15. Мочиться и за себя, и за аристократа…

 
   Своим важным достоинством я считаю умение думать ровно столько времени, сколько требует ситуация. Мысль или сцена бывает хорошей или плохой в зависимости от – уместна она или нет.
   Если, скажем, перед сном возникает из прошлого или будущего какая-нибудь картина, но досмотреть её не успел, – это неуместное воспоминание.
   Если же досмотрел её, но до ямы, где лежит сон, приходится ещё долго ползти, – это снова неуместное воспоминание. Несвоевременное.
   Так и с дорогой. Дистанция есть время, и опытный мозг измеряет пространство с точностью до минуты. Он выбирает помышление, которое ни длиннее пути, ни короче…
   Как только я поставил восклицательный знак за «хвостом у реальности», ЗИС встал, а Крылов воскликнул:
   – Товарищ Сталин, старшая хозяйка приветствовать бежит, Валя Истомина! – и приёмник взревел вдруг оглушительным басом:
   Спасибо, великий учитель,
   За счастье родимой земли!
   Я вскинулся и выбросил вперёд кулак, но пнуть Крылова в затылок не сумел – не дотянулся. Он, правда, мгновенно отсёк звук и пролепетал не оборачиваясь:
   – Виноват, товарищ Сталин! Я наоборот – приехали – выключить хотел… Не туда вдруг крутанул… От волнения…
   Я снова вспомнил, что сегодня праздник – и отошёл:
   – А волнение откуда? – и протянул палец в сторону спешившей к нам Валечки. – Оттуда? От Валентины Васильевны?
   – Что вы, товарищ Сталин! – ужаснулся Крылов, и стало ясно, что обо мне с Валечкой нашептали и ему. – Как можно?!
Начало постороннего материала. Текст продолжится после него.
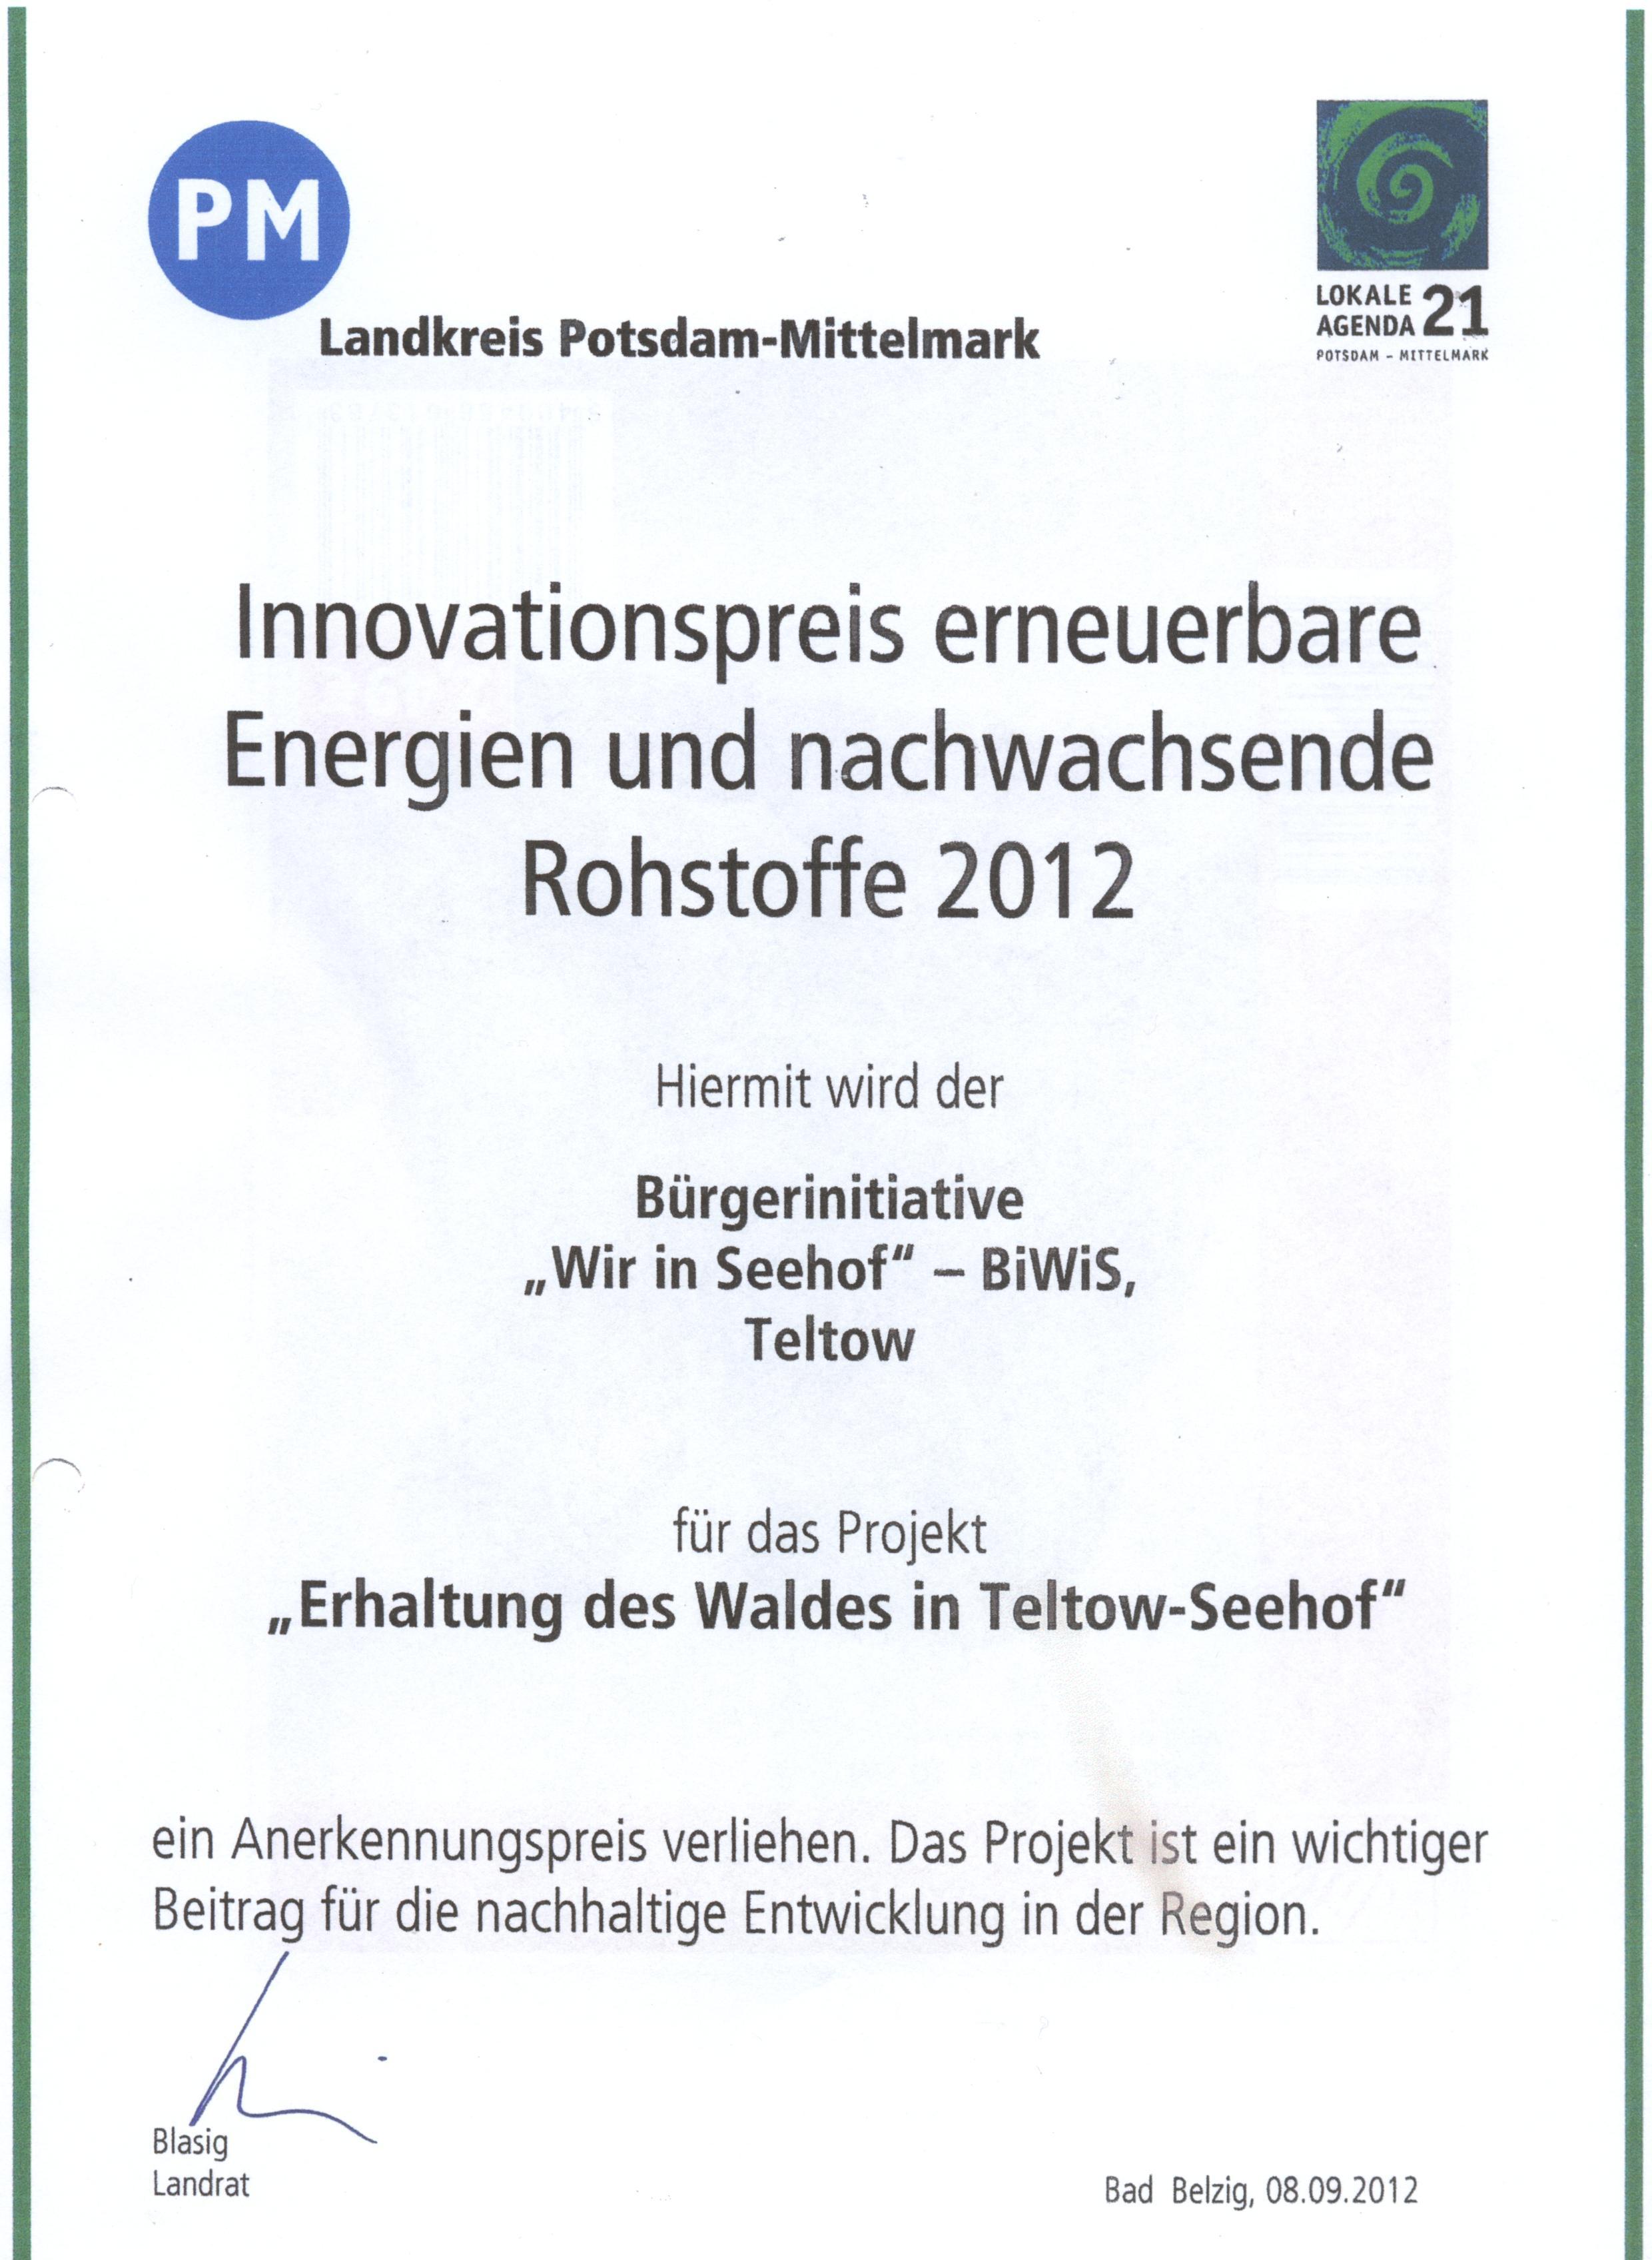 Innovationspreis des Landkreises Potsdam Mittelmark !

   – А почему нельзя? Женат?
   – Жена была, товарищ Сталин! – и замялся. – Но будет ещё.
   – Ушла?
   – Нет, бросила.
   – Будет ещё. Иначе в Хельсинки работать тебя не выпустят. И никакая жена уже не бросит, когда поднимешься на пик Казбека. А уйдёт – уходи и ты с ней, ясно?
   – Так точно, товарищ Сталин! – кивнул Крылов и вырубил фары, слепившие Валечке глаза.
   Снег у крыльца валил подчёркнуто ровно, не суетясь.
   Суетились и перекрикивались люди, высыпавшие из передних машин и из дома.
   Суетились и белки на освещённой прожектором сосне. Мне почудилось, что не только она, а все сосны стояли сейчас не просто в уважительной позе, как всегда, а навытяжку и торжественно, устремившись ввысь в готическом порыве.
   Когда я кряхтя вынес себя из машины, Валечка отступила от дверцы. Смахнув с ресниц снежинки, вгляделась мне в лицо.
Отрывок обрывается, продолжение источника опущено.